Someoneonlyyouknow · 29/10/2023 22:48

Do either of you care if you ever have a relationship with your grandchild? Tell yourselves it is another language that just sounds odd in English

theduchessofspork · 29/10/2023 22:49

Mariposista · 29/10/2023 22:47

What a shame. Definitely not surprised - how thought that would be the answer. So sorry OP, you can only do your best by your kids and hope they choose well. Sounds like he’s picked a right one there 🙄🙄🙄

It sounds like the OP did.

Whatever the OP’s DIL is like, she isn’t the only tricky member of the OP’s family.

CherryMyBrandy · 29/10/2023 22:49

I disagree with the PPs. If he doesn't want to say it he shouldn't have to force himself to use it. He's entitled to his opinion. Can he find a nice nickname for the child to use instead? Lots of grandparents have nicknames for their grandchildren.

MidnightOnceMore · 29/10/2023 22:51

CherryMyBrandy · 29/10/2023 22:49

I disagree with the PPs. If he doesn't want to say it he shouldn't have to force himself to use it. He's entitled to his opinion. Can he find a nice nickname for the child to use instead? Lots of grandparents have nicknames for their grandchildren.

No one is entitled to rename another person.

He's entitled to his opinion, but renaming people is unacceptable without their agreement.

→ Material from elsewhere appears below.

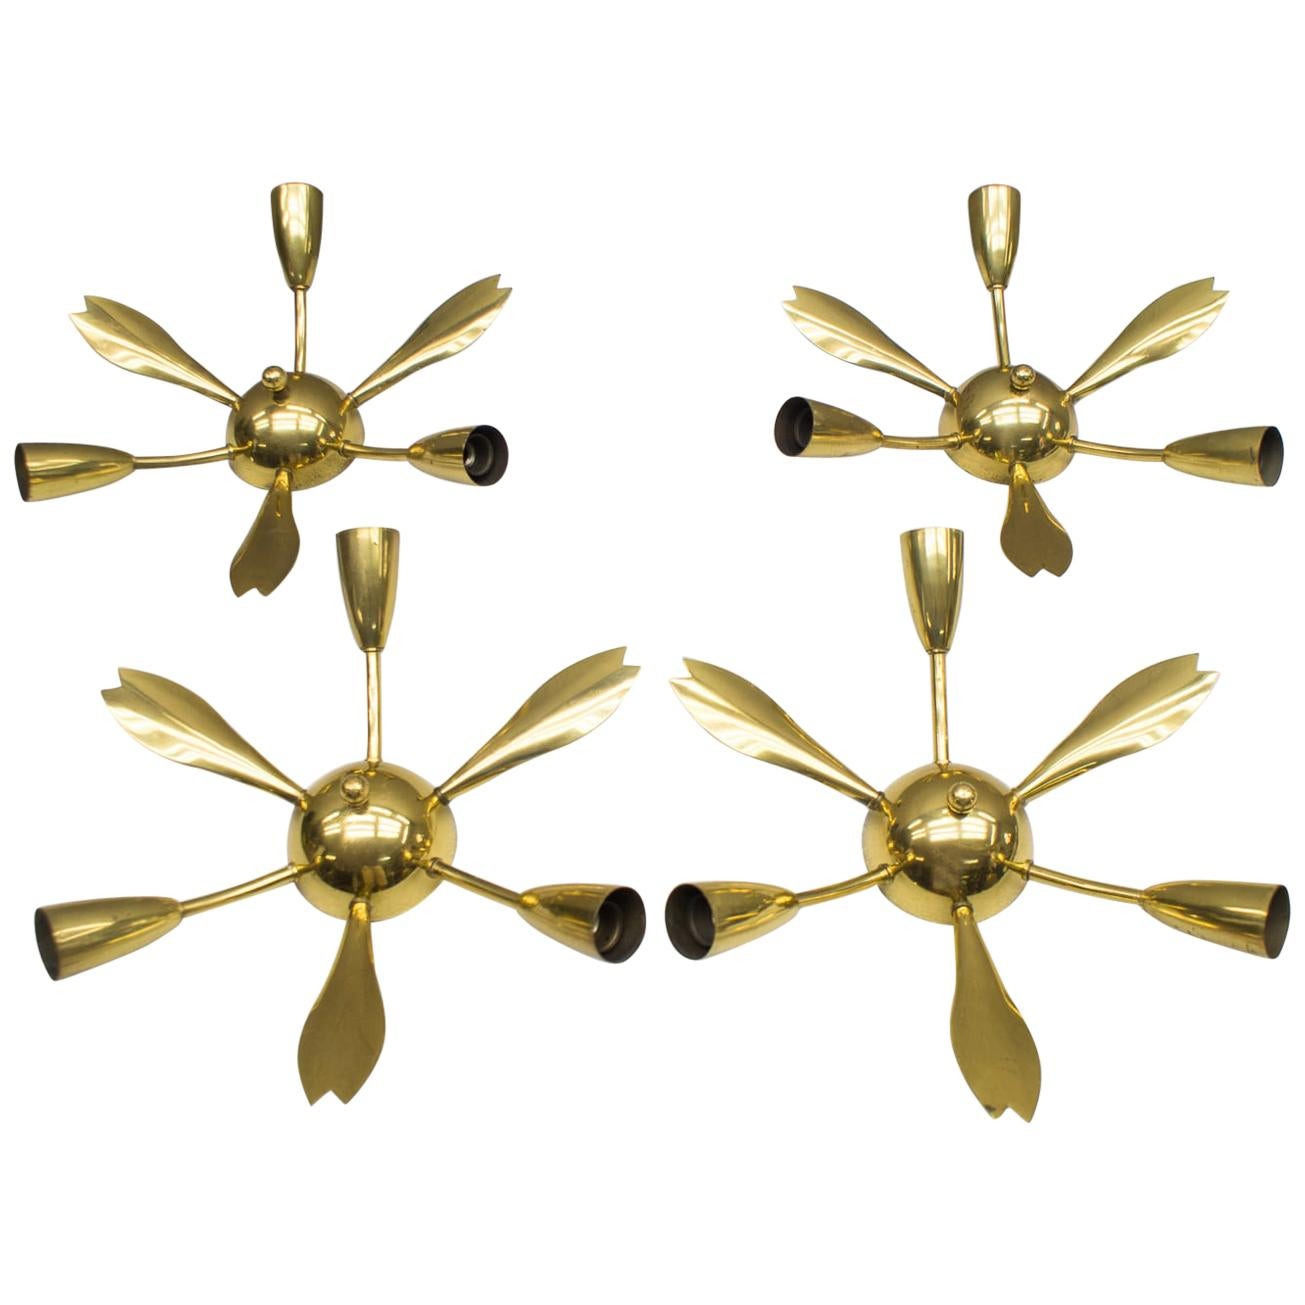 Set of Four Mid-Century Modern Brass Sputnik Wall or Ceiling Lamps, Italy, 1950s

AutumnCrow · 29/10/2023 22:53

Shaggy-Doo

Moreempatheticmyarse · 29/10/2023 22:53

CherryMyBrandy · 29/10/2023 22:49

I disagree with the PPs. If he doesn't want to say it he shouldn't have to force himself to use it. He's entitled to his opinion. Can he find a nice nickname for the child to use instead? Lots of grandparents have nicknames for their grandchildren.

I strongly disagree but then I'm from an immigrant background so I know how annoying it is to be given a nickname by people who can't be bothered to say your name properly

My sisters in laws refused to use my nephews name, a perfectly normal one for our culture, because it was "too wierd" and tried to call him a nickname instead. He hates the nickname, probably because over the years he's picked up the attitude that has come with it, of not being "quite right" enough for them

Whilst this is a different senario it could easily breed the same resentment.

Bellyblueboy · 29/10/2023 22:54

Does he see a counsellor to help him deal with every day situations?

he needs a coping mechanism - this is situation most adults could cope with. You aren’t helping with your nasty and judgemental attitude.

if he can’t say his own grandchild name and if you dislike the baby’s mother so much maybe it’s best you keep your distance? You haven’t said one nice thing about this family - so why do you care? You will draft a paper with this attitude anyways. Spare everyone the heartache.